= Mottley =

Mottley is a surname of English origin strongly associated with Ireland. Its roots are obscure, with some French attributes to the Norman Conquest of 1066, others to place names in England. Mottley is very frequently spelled as Motley and the two spellings are often incorrectly used interchangeably, causing some confusion. In general, Mottley tends to be Catholic, while Motley tends to be Protestant and more related to England. However, Mottley is listed in the Irish Catholic convert rolls of the mid 1700s which required Catholics in Ireland to adhere to English rule. Mottley apparently arrived in Ireland from England during Oliver Cromwell's 1649 Irish conquests and concentrated in Counties Carlow, Laois, Wicklow. In the 1916 Irish Easter uprising, private W. Mottley was wounded in battle. Mottley can also be encountered in Barbados and Virginia. A large portion of the New World Mottleys, especially Motleys, are of mixed African descent. In 1913, a 59 acre sugar plantation in Barbados, "Cleveland", St Thomas Parish, ownership was listed as Mottley.

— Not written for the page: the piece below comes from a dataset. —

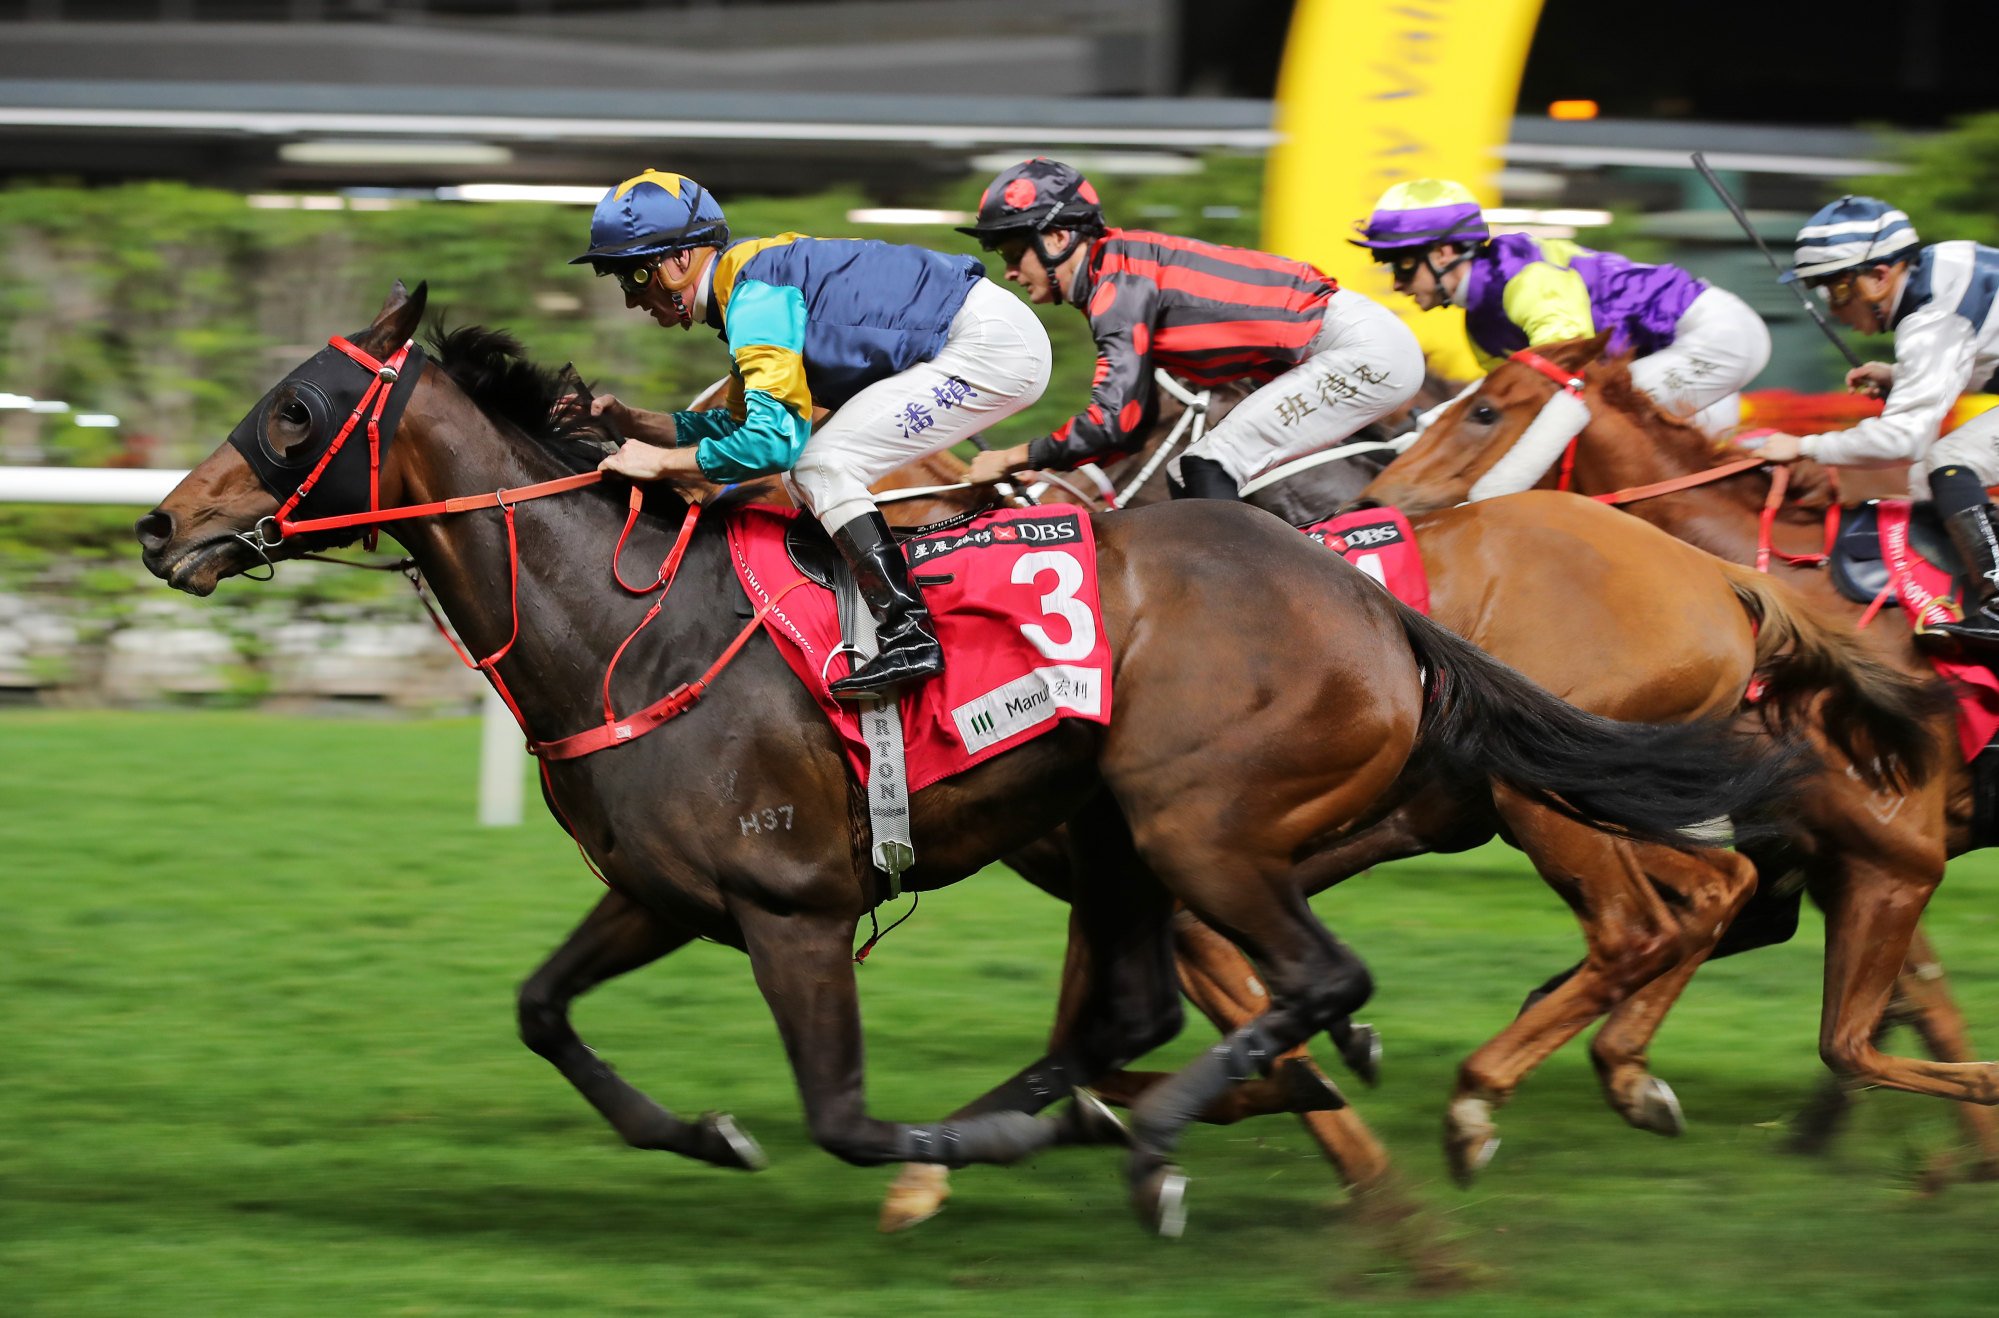 A Americ Te Specso storms home to win at Happy Valley last start.

Mottley can also be seen as Motlawe, Motlow, and Motleigh. Mottley may refer to the following:

- J. Donald Mottley, American politician and lawyer. Elected to Ohio House of Representatives.
- Donna Scott-Mottley,( ? ), Jamaican attorney, politician, and elected to the Senate of Jamaica.
- David Mottley, English classical music record producer. Seven Grammy Award nominations.
- Ernest Deighton Mottley (1907–1973), Barbadian politician, leader of the Barbados National Party, and first mayor of Bridgetown
- Eva Mottley (1953–1985), British actress, born in Barbados.
- John Mottley (1692–1750), English writer and historian. Son of Colonel Thomas Mottley, killed at Battle of Turin, 1706. Authored biographies of Russian Tsars Peter the Great and Catharine the Great.
- Junius William Mottley (1812–1836), signer of the Texas Declaration of Independence from Mexico, 1836; physician. "Motley" County, Texas (note misspelling) named after him).
- Leila Mottley (2002- ) Author, writer, New York Times bestseller.
- Mary Mottley de Tocqueville (1799–1864). Wife of French political philosopher, Alexis de Tocqueville. Mary Mottley, Portsmouth, England married de Tocqueville in 1835.
- Mia Amor Mottley (1965– ), Prime Minister of Barbados, London School of Economics graduate.
- Wendell Mottley (1941–), Trinidad & Tobago economist, politician, government official, athlete and Credit Suisse investment banker. Yale and Cambridge graduate. Represented Trinidad and Tobago at the 1964 Tokyo Olympics.
- Louisville & Nashville Railroad Co. v. Mottley. 1908 US Supreme Court case and source of the well pleaded complaint rule.